古代の複写機とMOの発掘によって、失われたかつての漫画文化が復古した漫画ルネッサンス。同性愛を是とする刺激的な内容は乙女たちの心を掴み、爆発的に愛好家の数を増やしていく。類する書籍が他からも次々上梓されるようになると、それが派閥(サークル)となって裾野を広げた。やがて、刊行物の流通形態は変遷を遂げ、大規模な会場にて集客する同類誌頒布会の開催へと至る。

大正期の文芸同人誌から現在のコミケまで、日本の同人漫画文化の興隆をコミカルに描いていたのが上手い。日々の営みが困窮しようとも、サブカル文化だけは根強く生き残っていくという未来も暗示していて、大変深みのあるお話でしたね。人類死すともオタクは死なず。

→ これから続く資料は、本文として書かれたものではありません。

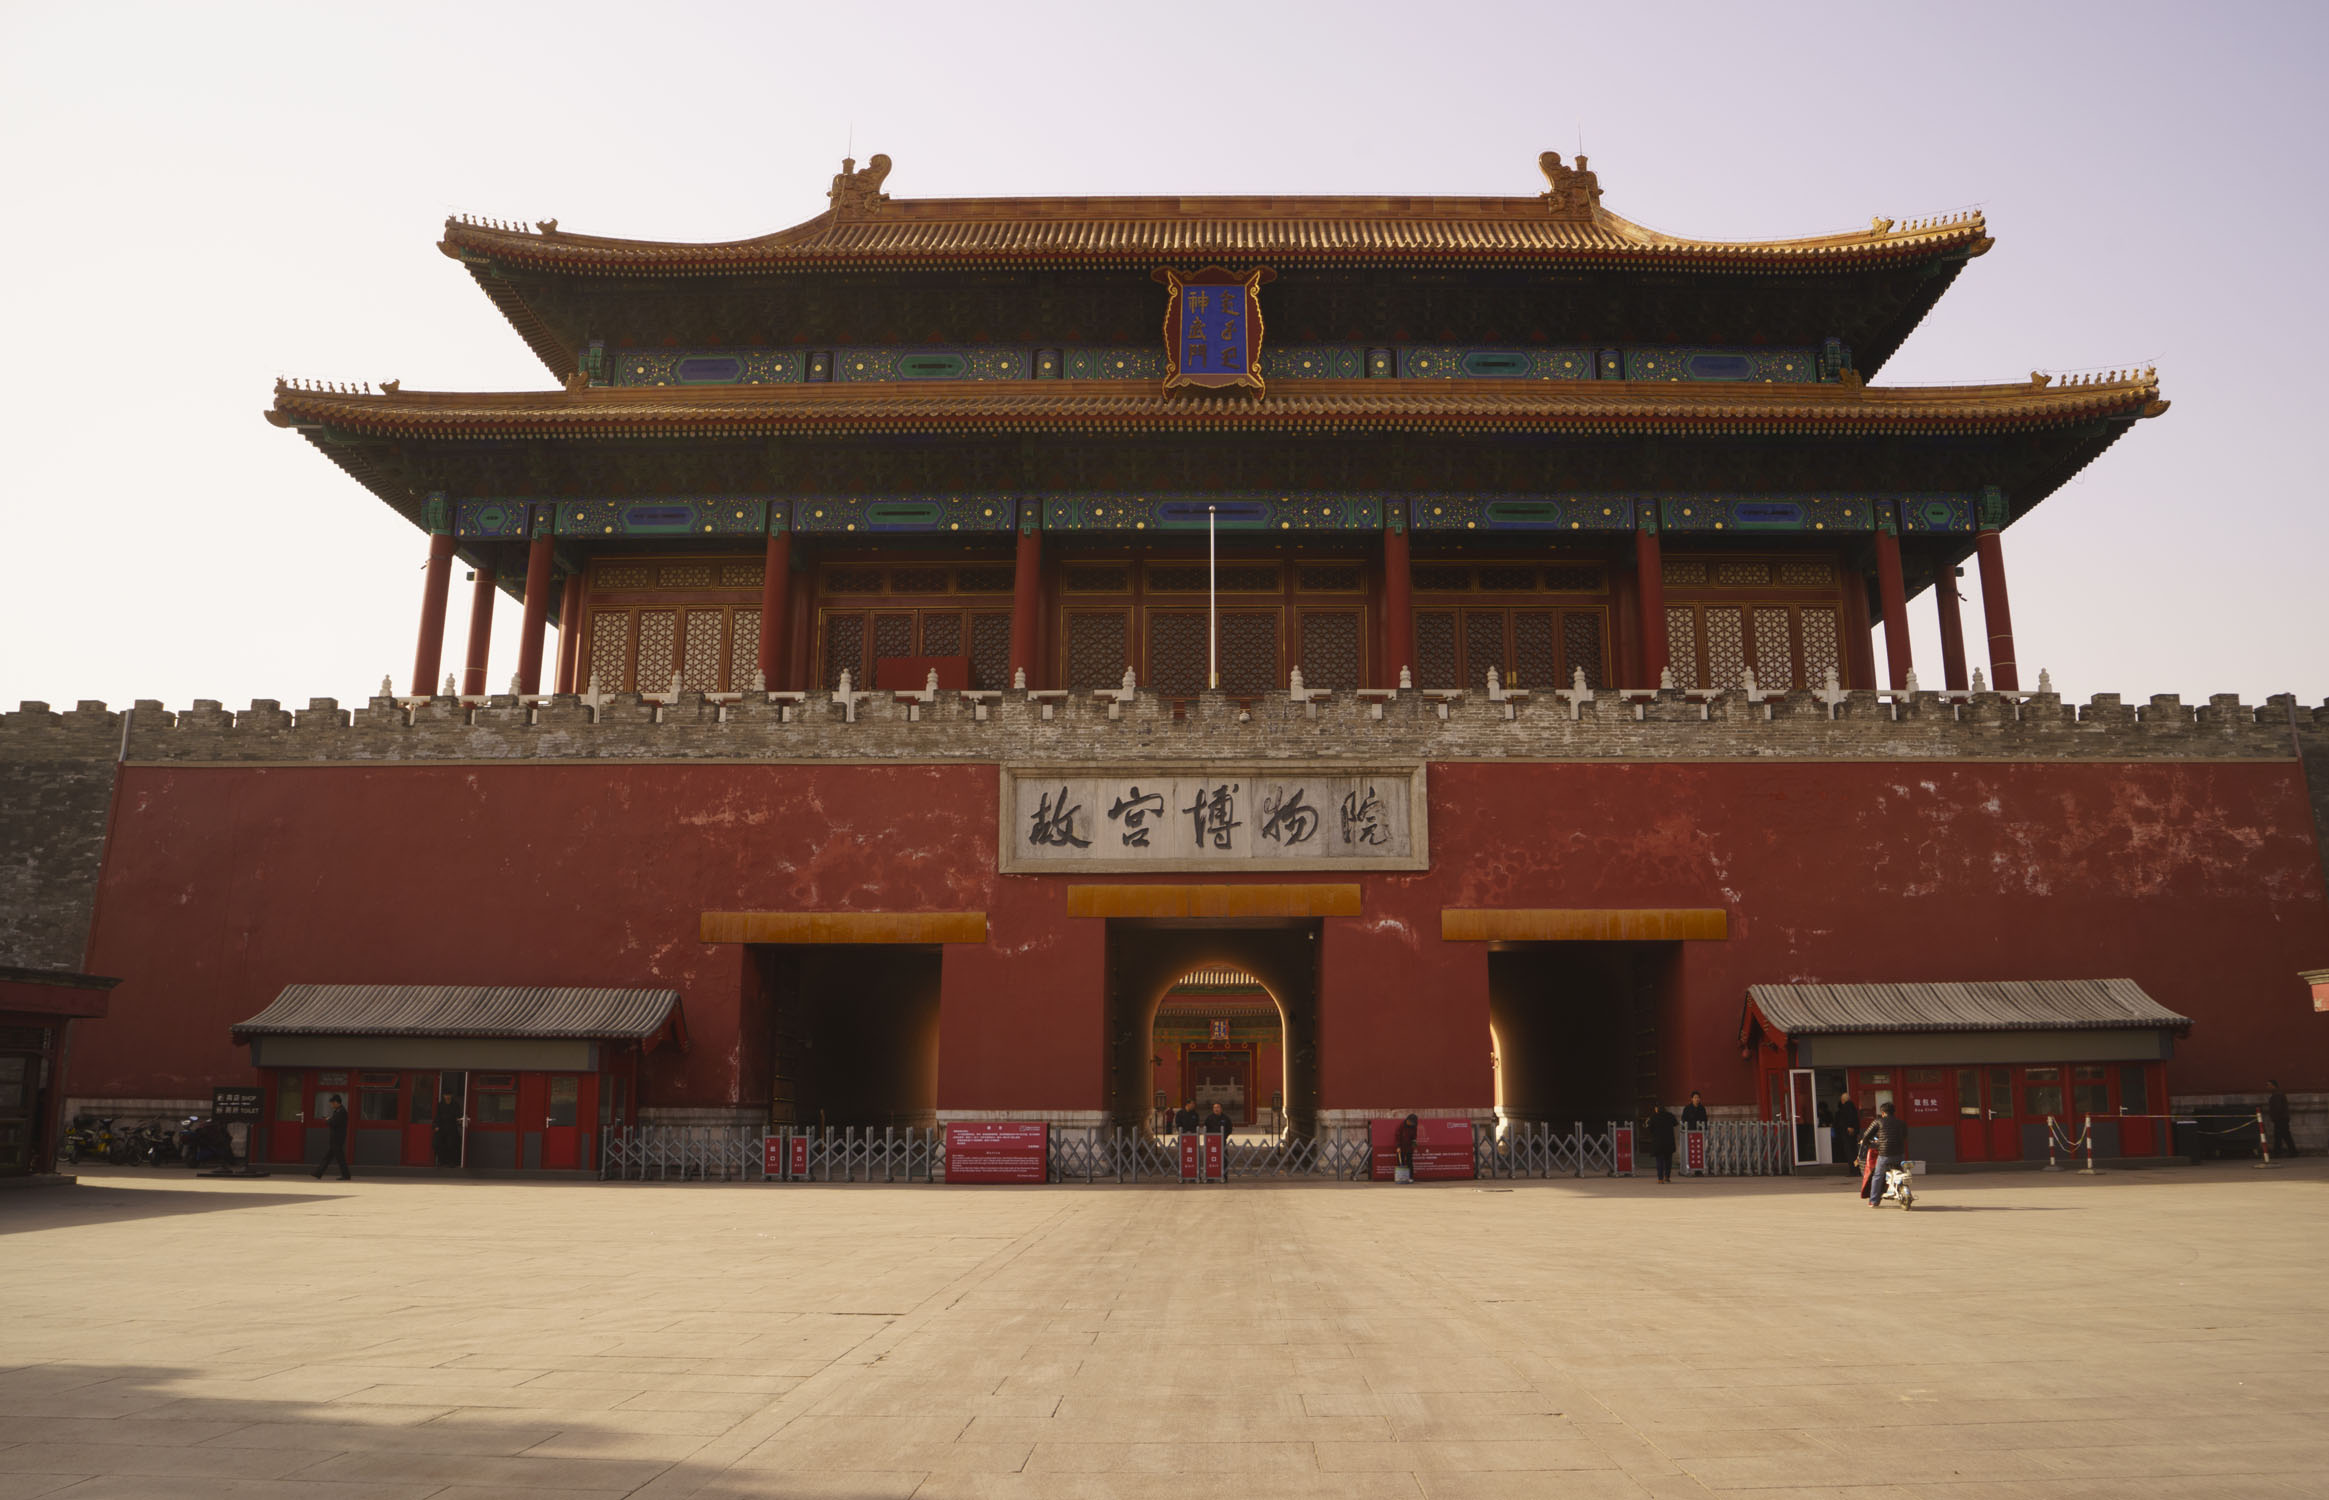 故宫是中国最大的古代文化艺术博物馆,大部分文物收藏主要来源于清代

ただし、面白いか面白くないかでいうとびみょーー。こうやって腐女子を面白可笑しく取り上げればそれなりにウケはいいんでしょうけど、随分安直な方向に走っちゃったなぁという残念感。腐女子ネタって、笑いとしては単純すぎやしません?

これが普通のギャグアニメなら私も無粋は申しませんけど、人類は衰退しましたは有り体のお約束から一歩先に進んで欲しい気持ちがありますんでね…。まぁ、今回はあくまで導入部分なんで、次回以降どうやって“違い”を見せてくれるかに期待したいです。

それでは最後に、第3話最大の不満点を感情のままに叫ばせていただきたいと思います。こほん。

くぉらぁぁあーー!! 妖精さんがちっっっとも出てこないじゃないか!!! いい加減にしろおおおぉっっ!!!

腐女子どうこうじゃなく、妖精さんが出てこなかったからつまんないっっ!! よもや3話めにして妖精さんの消息がぱったり途絶えるとは思わなかったですよ!! 工場とかコミケとかどーーでもいい! そんな話はあとでいくらでもやればいい!! まずは妖精さんの話からやらんかぁぁーーーーい!!! ぜえぜえ…。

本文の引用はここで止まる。